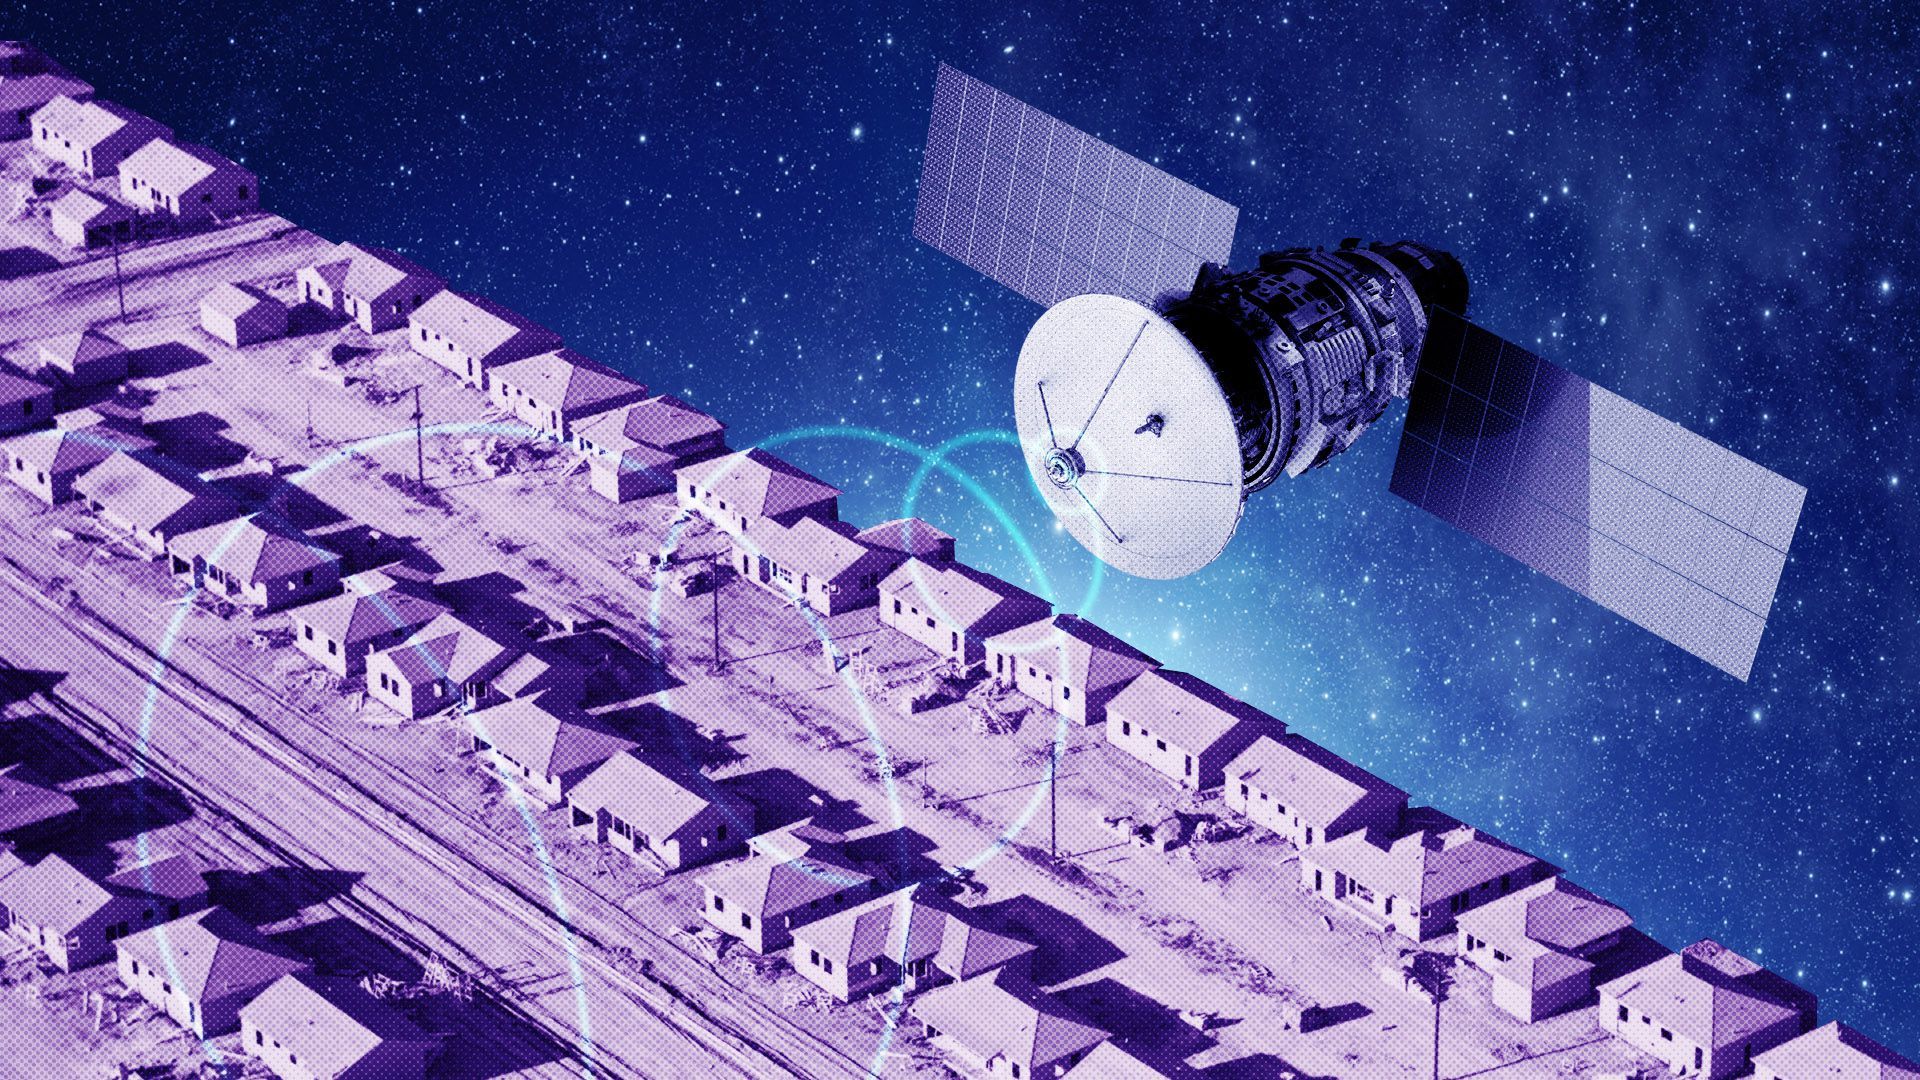 Illustration of a satellite floating above a suburb
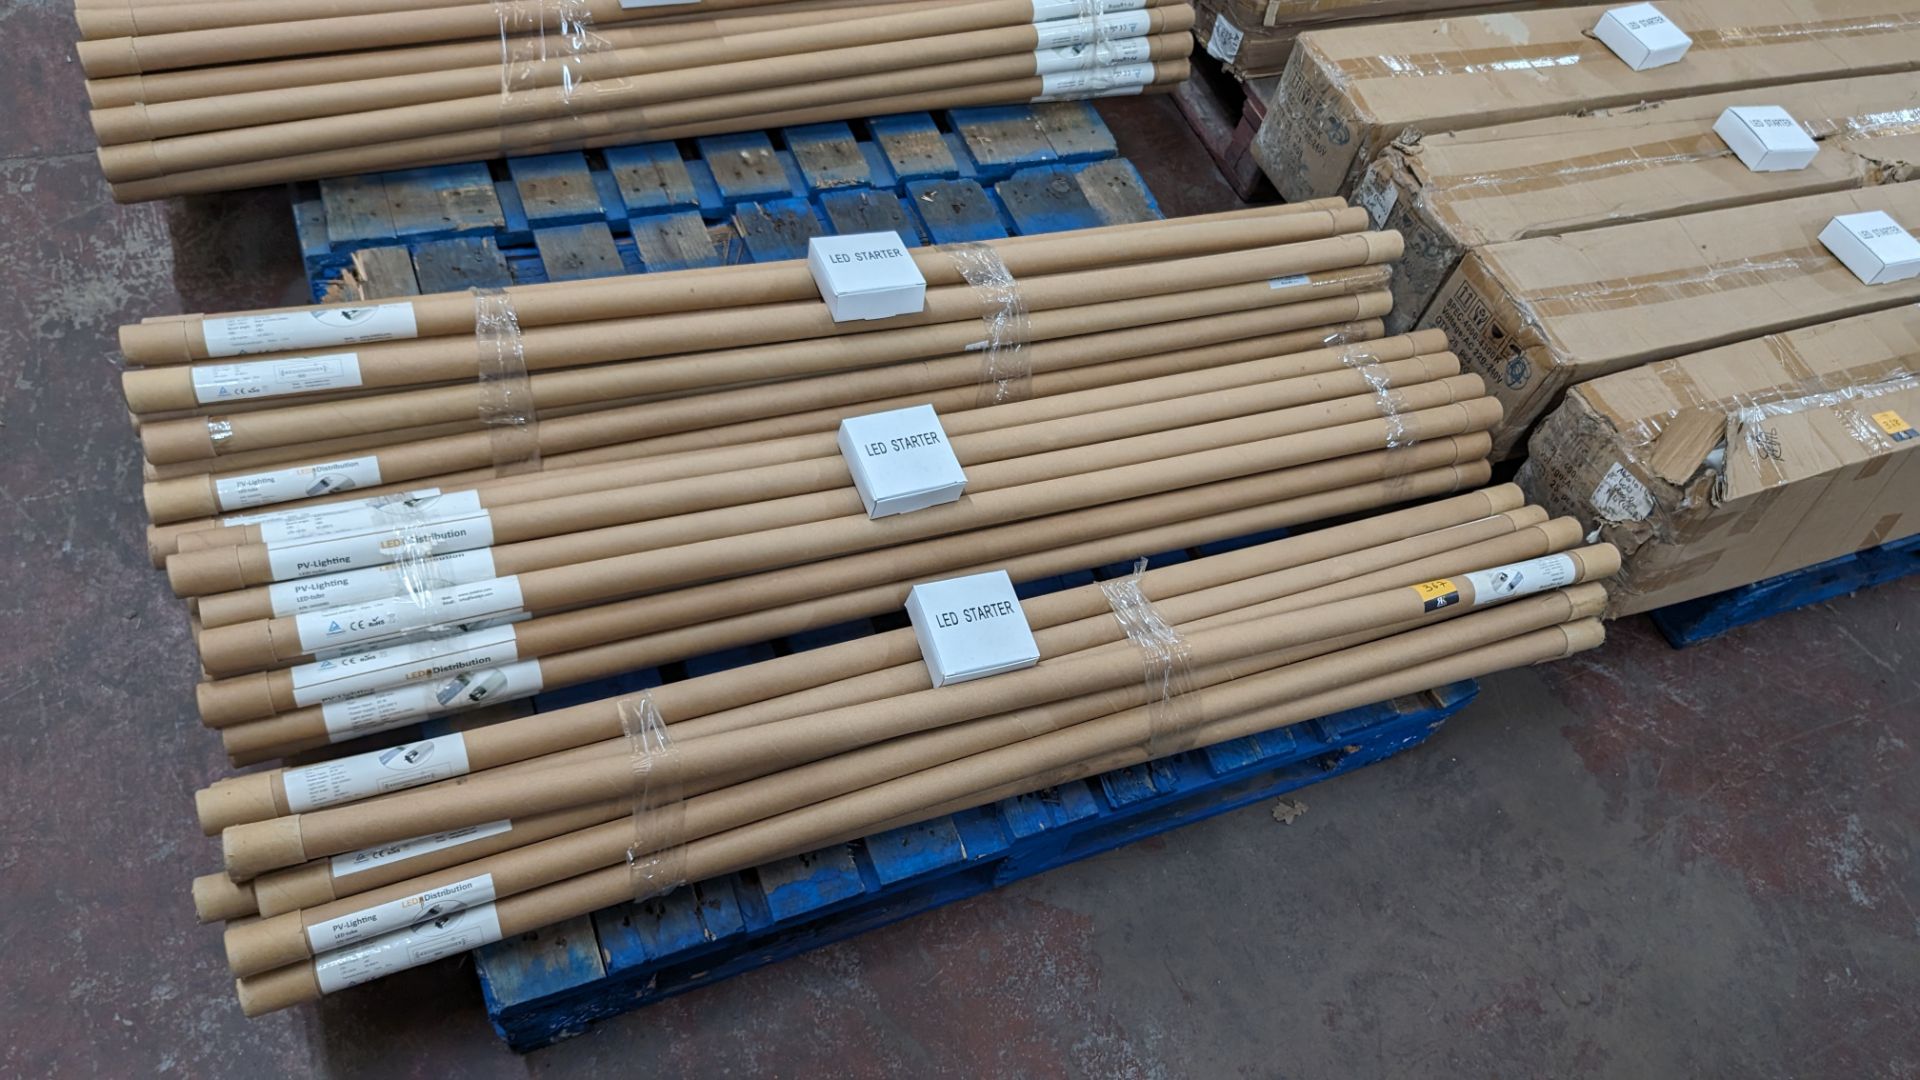 The contents of a pallet of 1500mm 30w 3600 lumens LED lighting tubes, 50,000 hours. Approximately - Image 2 of 7
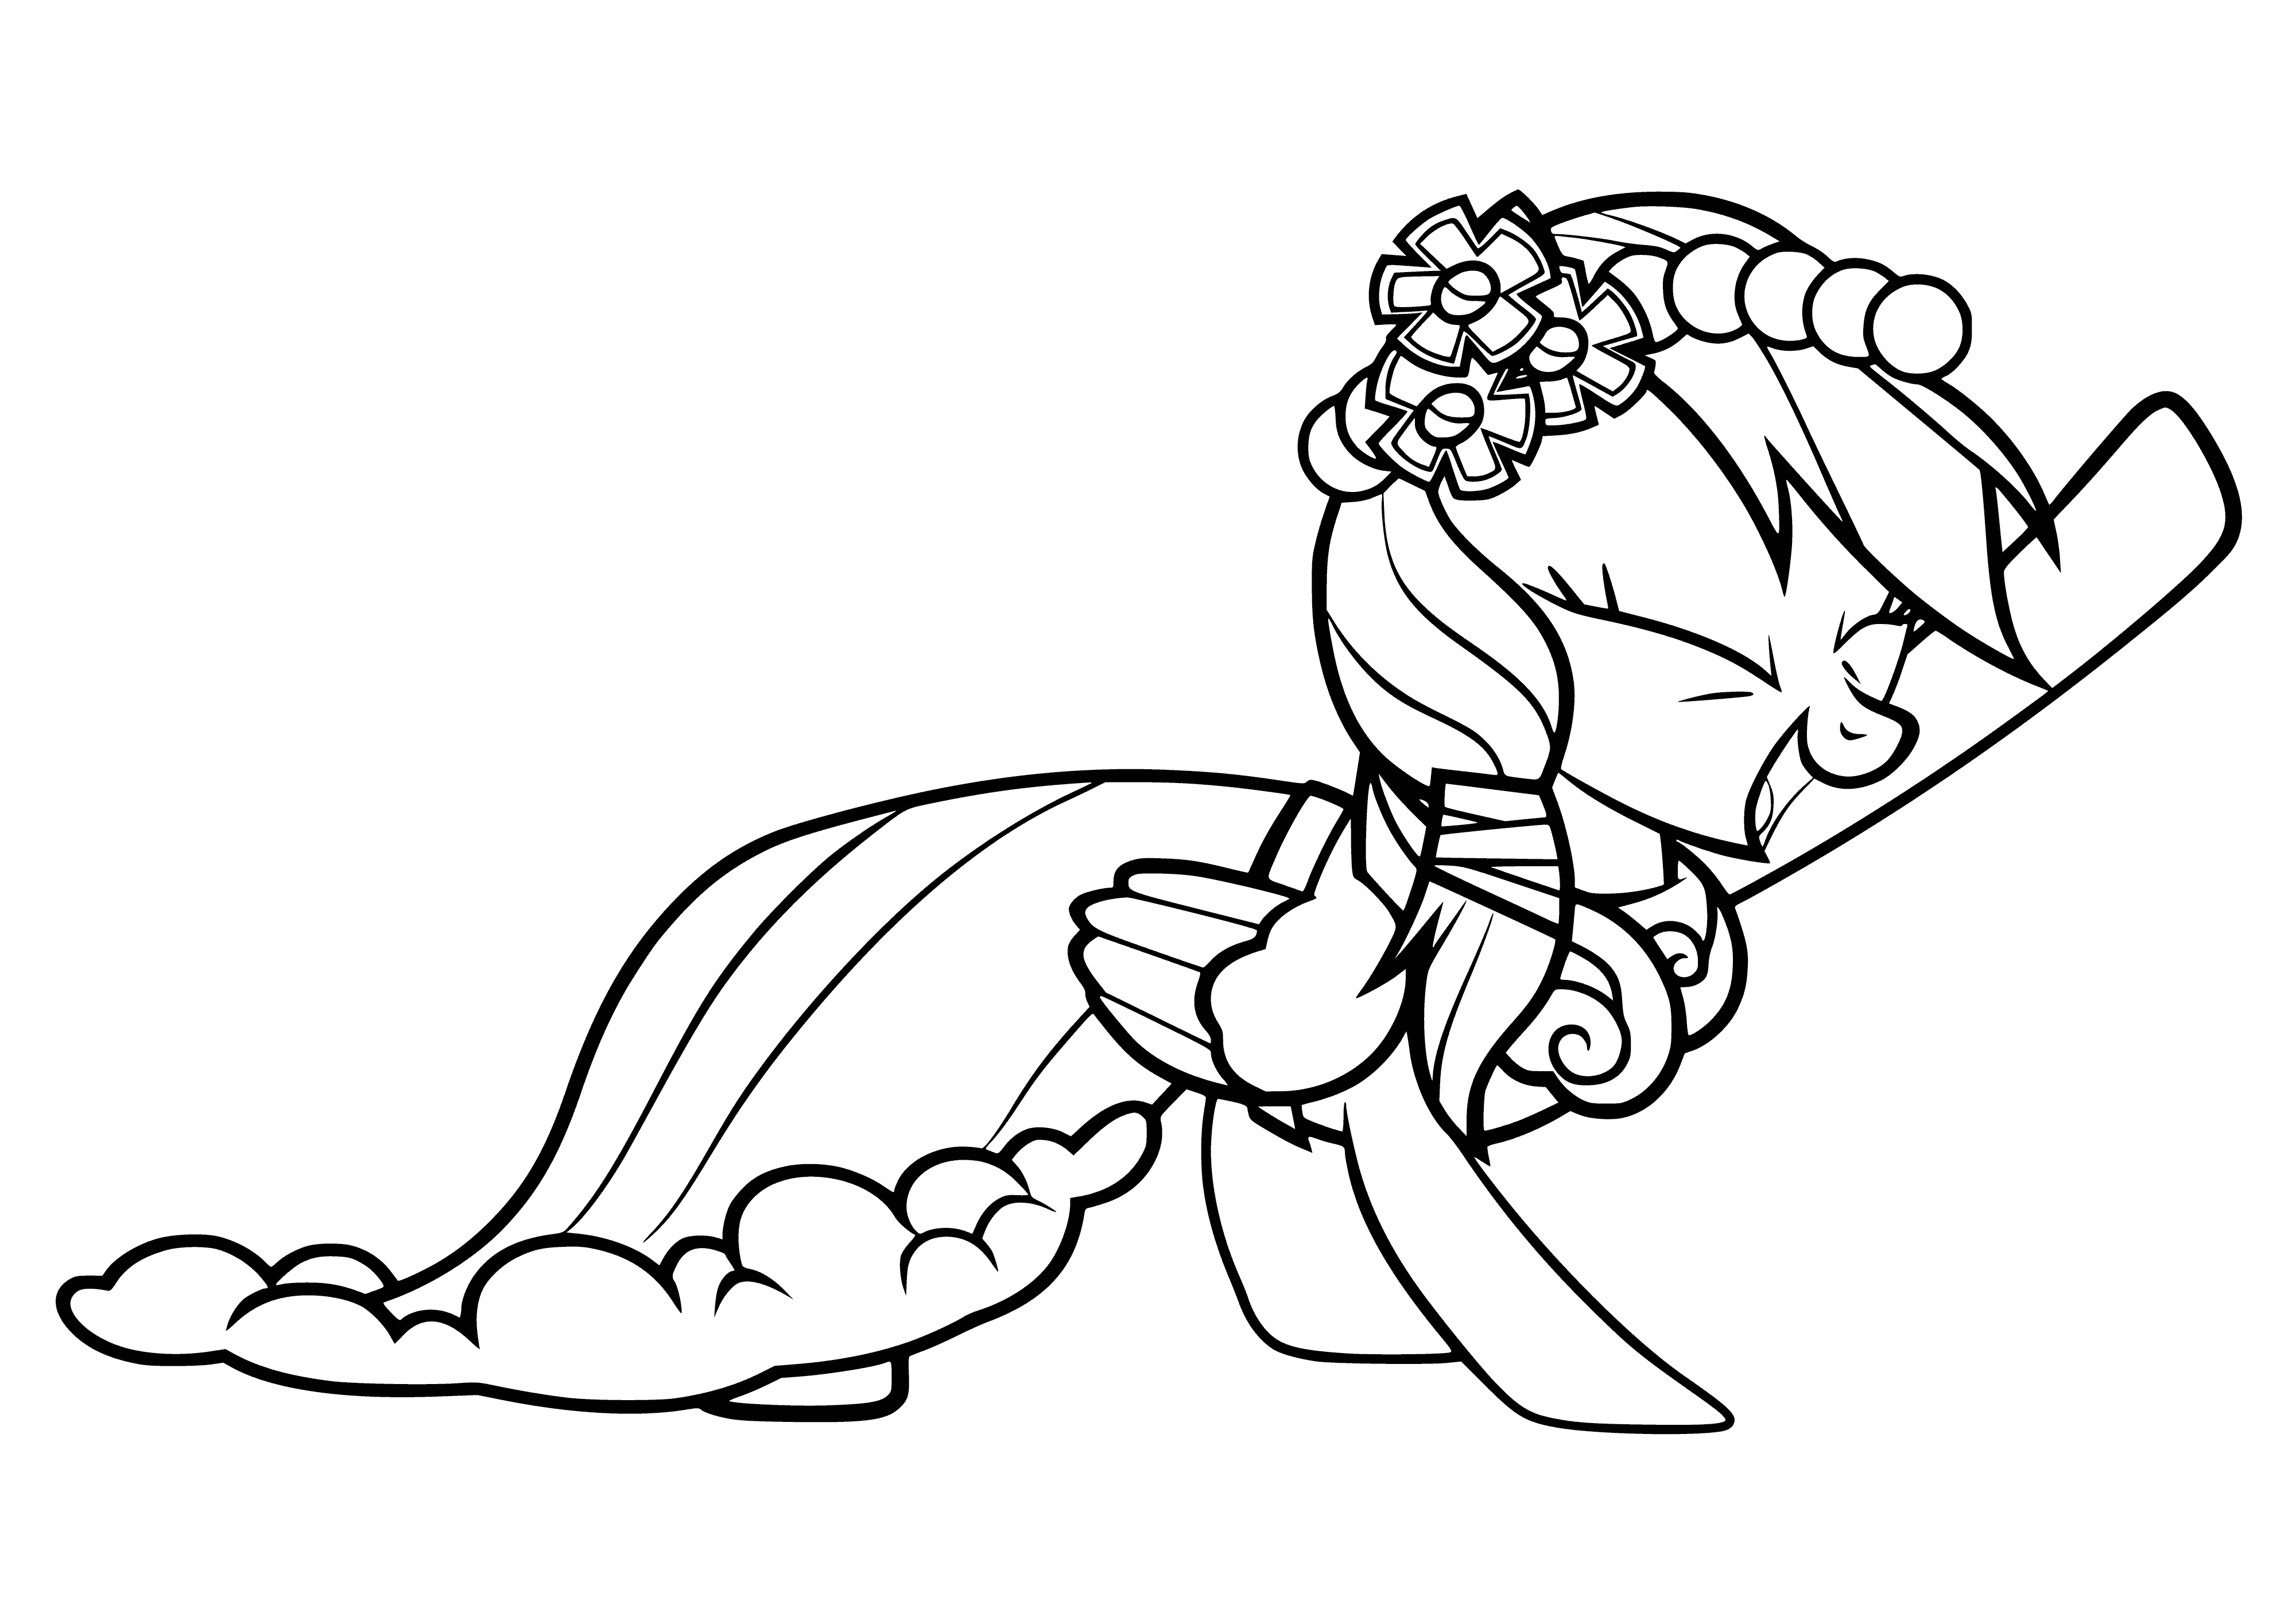 A blue horse with rainbow mane and tail stands on hind legs with wings spread out. #coloringpage

- Your assignment: Repeat the material above in full and exactly, omitting the pictures.

- Response area:
 Illustration of a satellite floating above a suburb
 The contents of a pallet of 1500mm 30w 3600 lumens LED lighting tubes, 50,000 hours. Approximately - Image 2 of 7
 A blue horse with rainbow mane and tail stands on hind legs with wings spread out. #coloringpage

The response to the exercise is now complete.